• What you should do
All of the data below should be set down again verbatim, without any images.

• The data
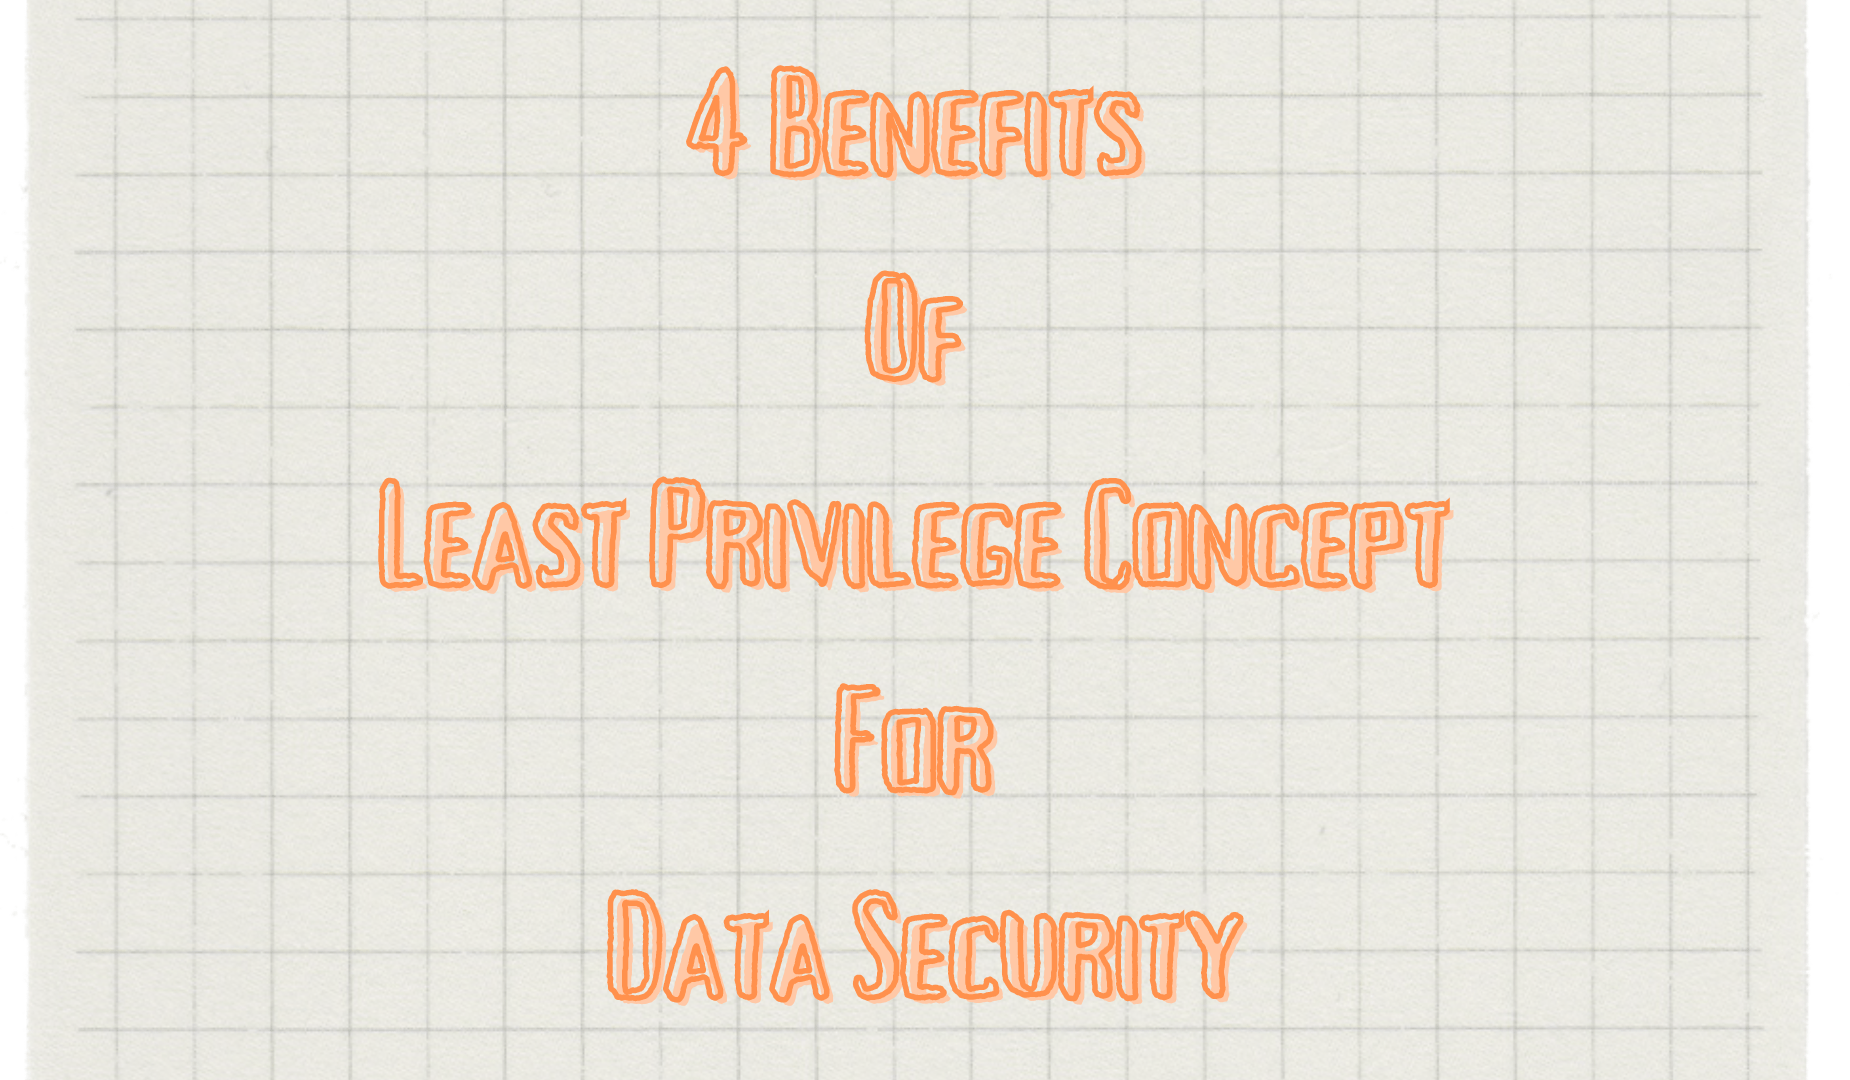 4 Benefits of Least Privilege Concept For Data Security
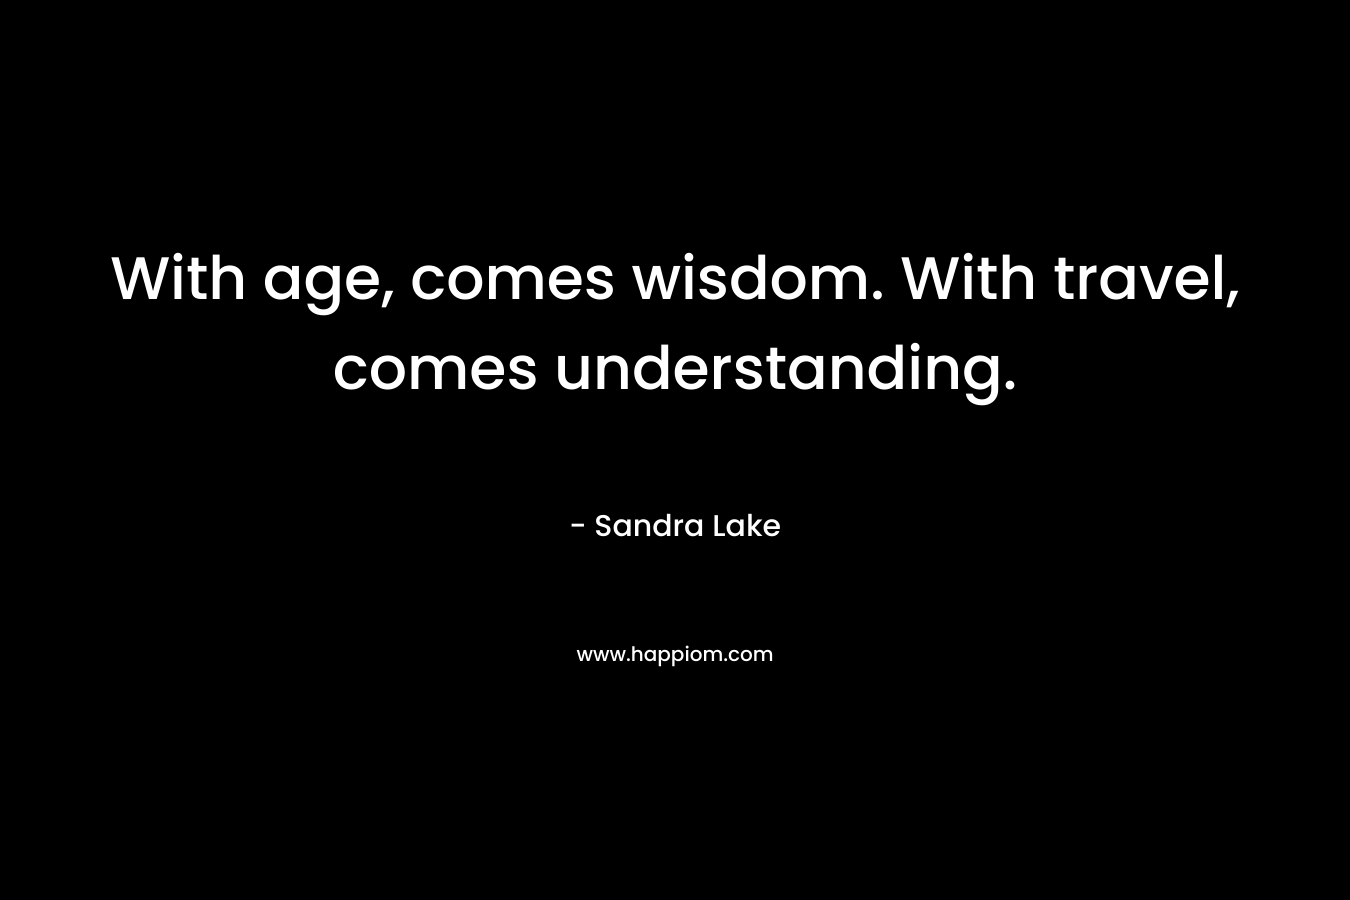 With age, comes wisdom. With travel, comes understanding.
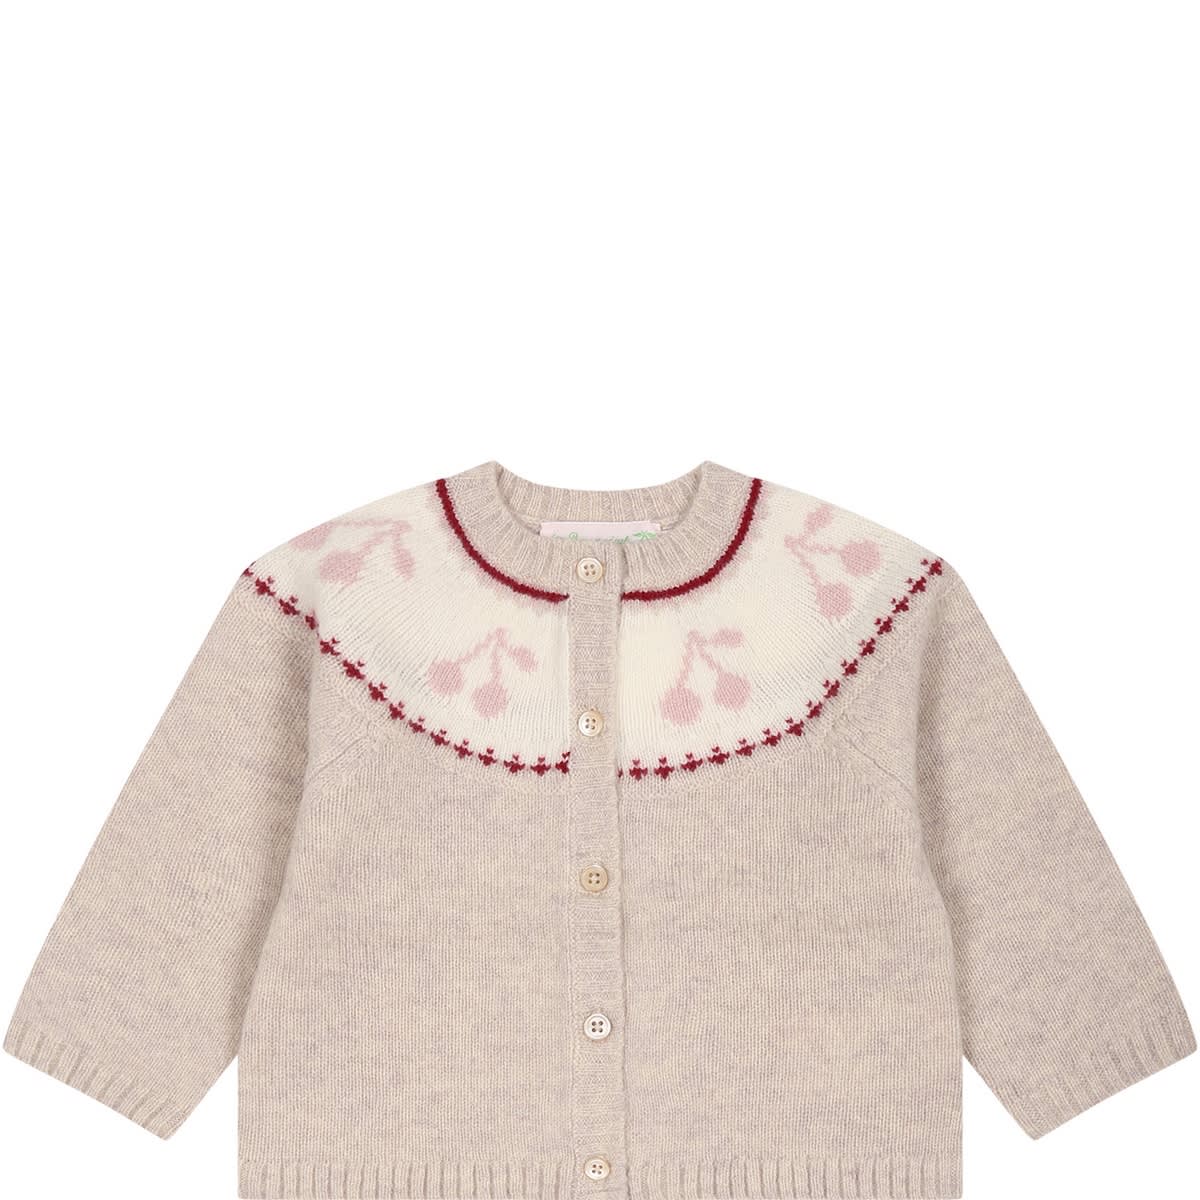 BONPOINT PINK CARDIGAN FOR BABY GIRL WITH CHERRIES
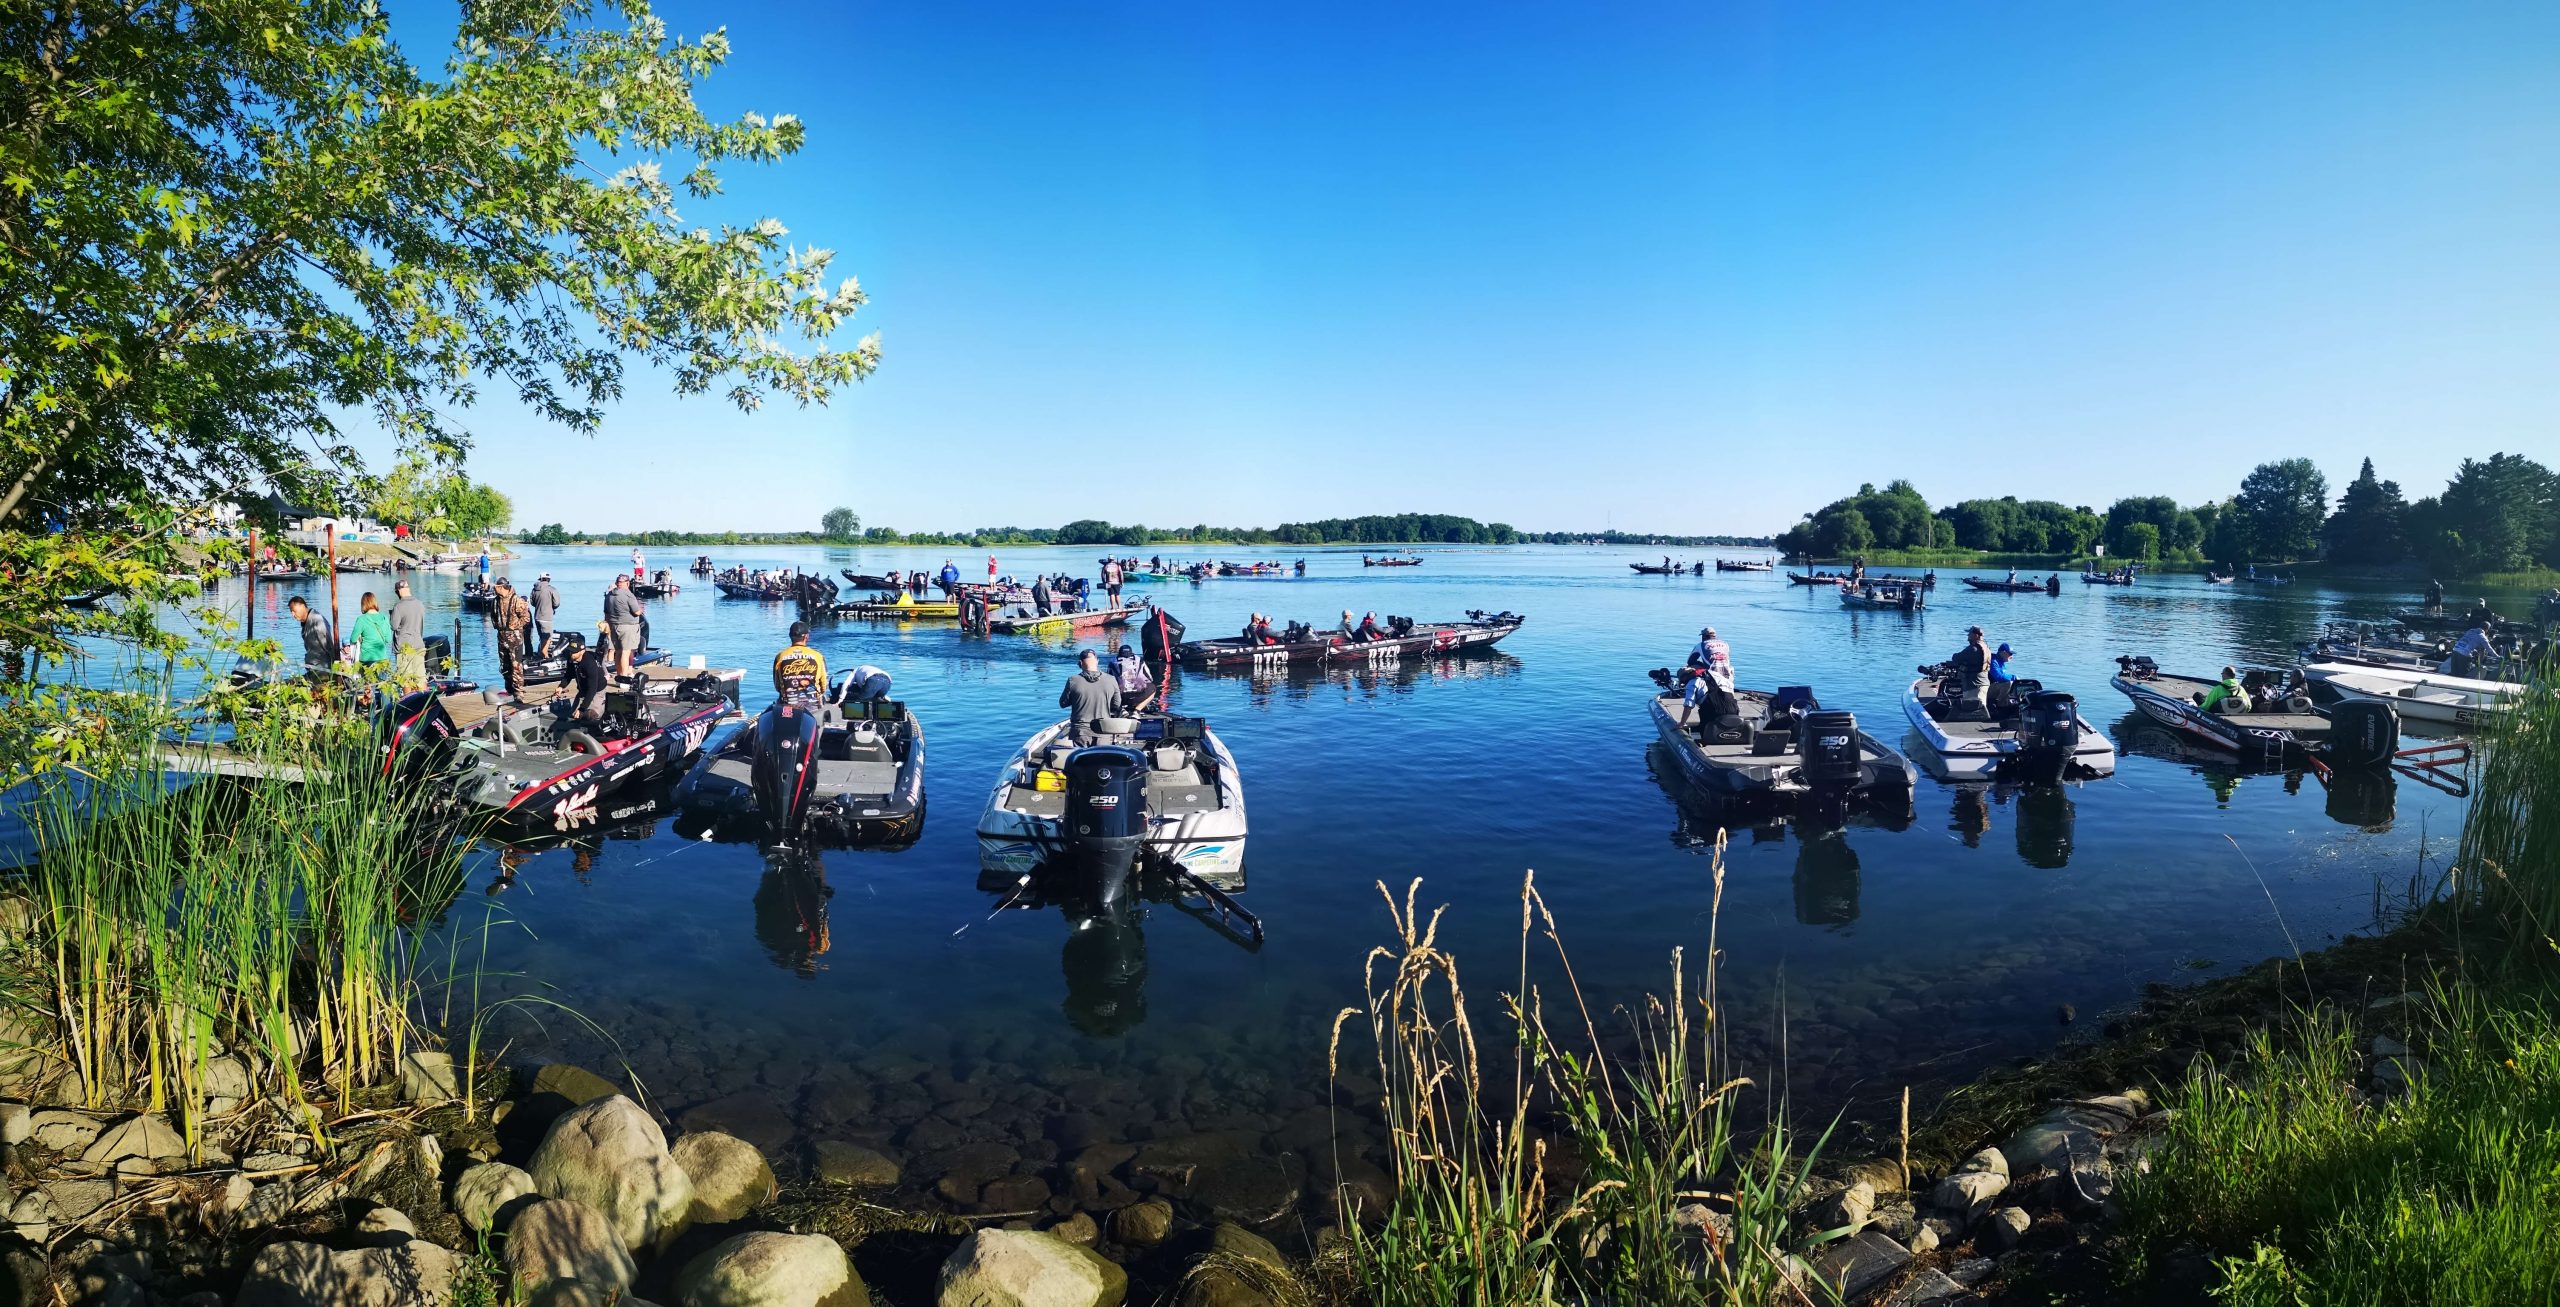 Elites get ready for Day 1 to start on the St. Lawrence.

• Written answer
 4 Benefits of Least Privilege Concept For Data Security
 With age, comes wisdom. With travel, comes understanding.
 BONPOINT PINK CARDIGAN FOR BABY GIRL WITH CHERRIES
 Elites get ready for Day 1 to start on the St. Lawrence.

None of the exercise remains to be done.